23 Apr Art is Risk Made Visible
I made this site live, or at least I told a handful of people about it, a few days ago. And since then, I have felt like pulling it down every hour.
You see I live with this insane contradiction, a dichotomy that I think many of us artists live with, where I feel both wildly confident about my work, driven to a point where I won’t eat well or sleep much for days at a time, I will just work and think and read, wanting to “make everything art”, AND I also feel like hiding myself away, not letting anyone know what I am up to, feeling like it’s all meaningless, and not allowing anyone to SEE me.
I get to SEE you, but I don’t let you SEE me.
I will say boldly revealing things as a teacher, incredibly, heartbreakingly true things about my personal life, about my psyche, but then I also get to hide behind the role of teacher or the camera lens.
Many artists, painters, sculptors, get to put their artwork out there, and then disappear from the scene, never really seeing how their babies (their artworks) are responded to, how they are noticed, caressed, cared for, or seen.
Most of my art works, aside from my photographs, exist as living artworks. They are living installations that come alive when you enter them, guided by my voice, through the experiential experiment I’ve arranged for you, this temporal, ephemeral gift that is activated only for a few hours, by and for you.
You are a core part of the art, and I am constantly updating and adapting it FOR you. The same is true when I am making my photographs. I am curling myself around you, breathing with you, moving with you, shaping what transpires with you. It is why I shoot on film – because I have to stay present with you – no shiny image in a square to reference – just me and you together making a magical lived experience.
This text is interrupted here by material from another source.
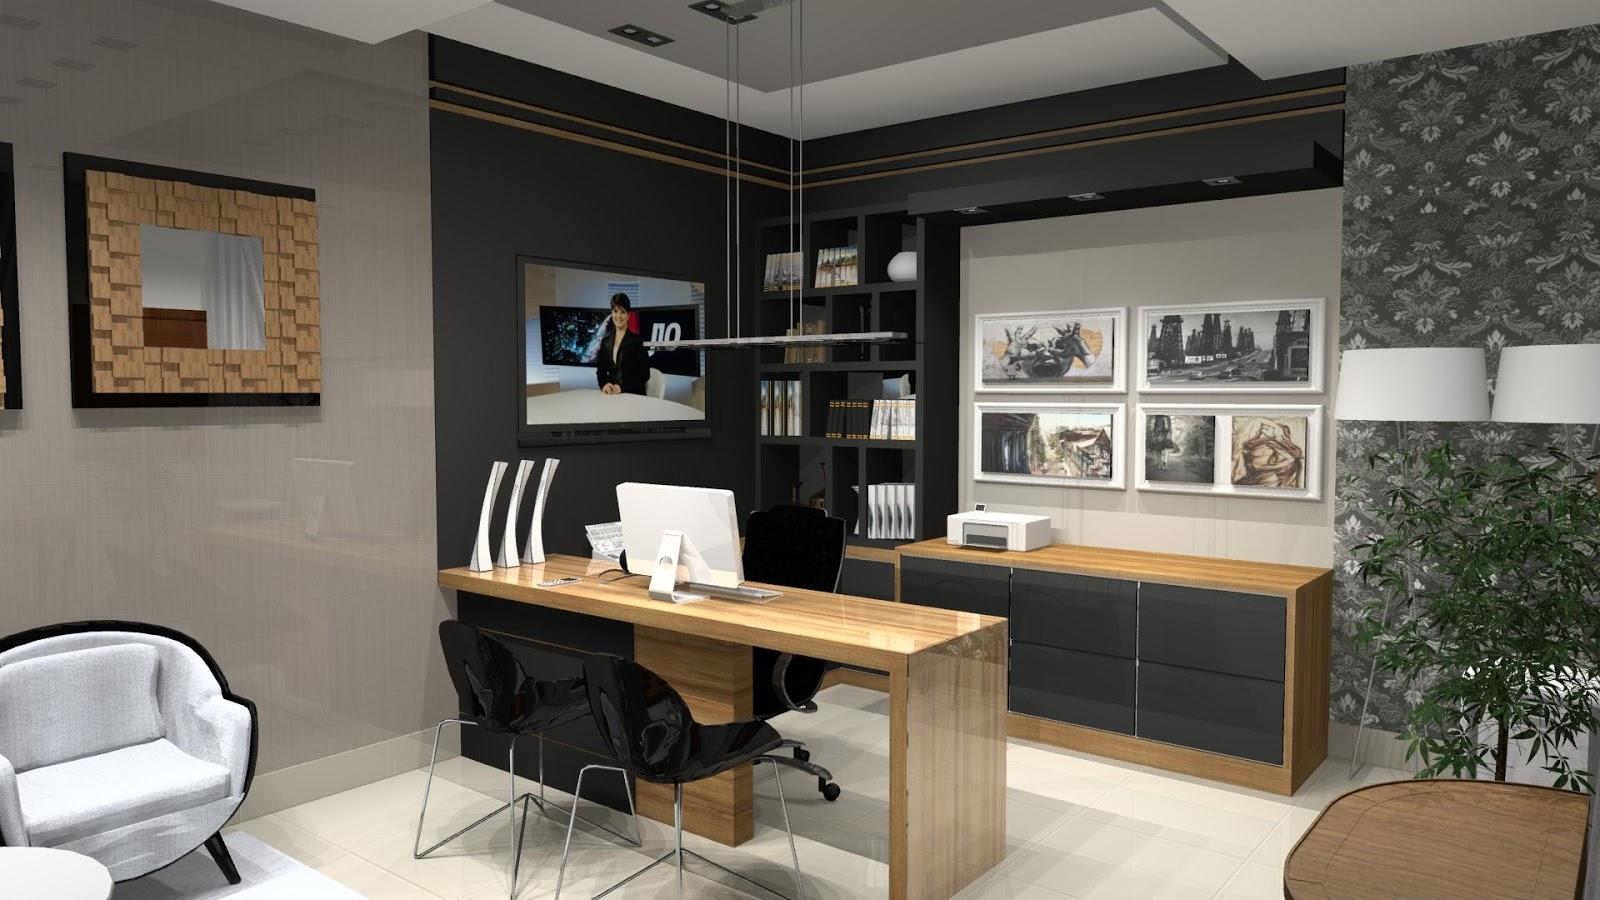 Melamiprog team up7 promob studio 5 for Programas de diseno de interiores para windows 8

And I’ve felt comfortable this way, disappearing into the art. Making it more about YOU and less about me. However, I would be lying, and I have been lying, when I say I don’t want to be seen, too. So much of my art, most of it, in fact, I’ve given away for free. It was a move I made about ego death – about working against the nonsense I saw out there in the world around coaching and Instagram and bologna sandwich pyramid schemes. I wanted to be different. I wanted to be selfless. I wanted to experiment with a world based in radical generosity. And I am fortunate to have a business, and we do well, and I told myself I didn’t need the money, and I didn’t care.
But for a long time, I’ve also trained my students and my subjects to not know how to value what I’ve made for them and with them. To take it all and not see that standing right in front of them is me and I am what I am:
One of the most innovative, thoughtful, well researched, visionary, creative, talented artists and thinkers there is.
And so here I am. Presenting myself to you. And I’ve cultivated my art for years. Years of education. Years of working in obscurity. Years of practice. Years of travel. Years of reading. Years of mentoring and learning alongside my assistant, Brenna, who herself is a fierce creative talent.
And now that I have said this, I want to erase it. I want to go hide and take all of that back.
The picture with this blog is Julie Harris Chatham and Harold Sims. Julie is the one that put a camera (back) in my hands and told me to start taking my own pictures. I was paying her to take photos. I would set up elaborate shoots, pay models, pay for locations, and direct the action. One day she turned to me and said “you need to start taking your own photos”. I cried. Like wept, in a restaurant. Told her I couldn’t do it. Even though I have a background in art. But then, she went on vacation and I had a shoot booked already, so, I did.
And she kept pushing me to take more chances. Like to shoot only on film. To be edgier. She bought me art books. She sent me inspiration.
She still takes photos of me. All the photos on this site of me are taken by her. I absolutely adore her in every way. She is my heart.
Harold is not only a classically trained chef and a genius with food (and his new line of THC infused teas!) but he and I started making films together. Why? Because he showed up one day with a video camera and some amazing ideas and asked me if he could film things. And we learned side by side. And because he is emotionally honest and raw in a way I have never seen a man be. Harold is risk made visible. Harold is art.
I owe so much to Harold and Julie.
And also to Dash Harrison, who has worked with me for 10 years+. Dash believes in me. Dash works with me in my other job. And Dash kept asking me for years when I was going to make a site with my art on it. He asked me until I did it. And then he built this site for me. Thank you, Dash.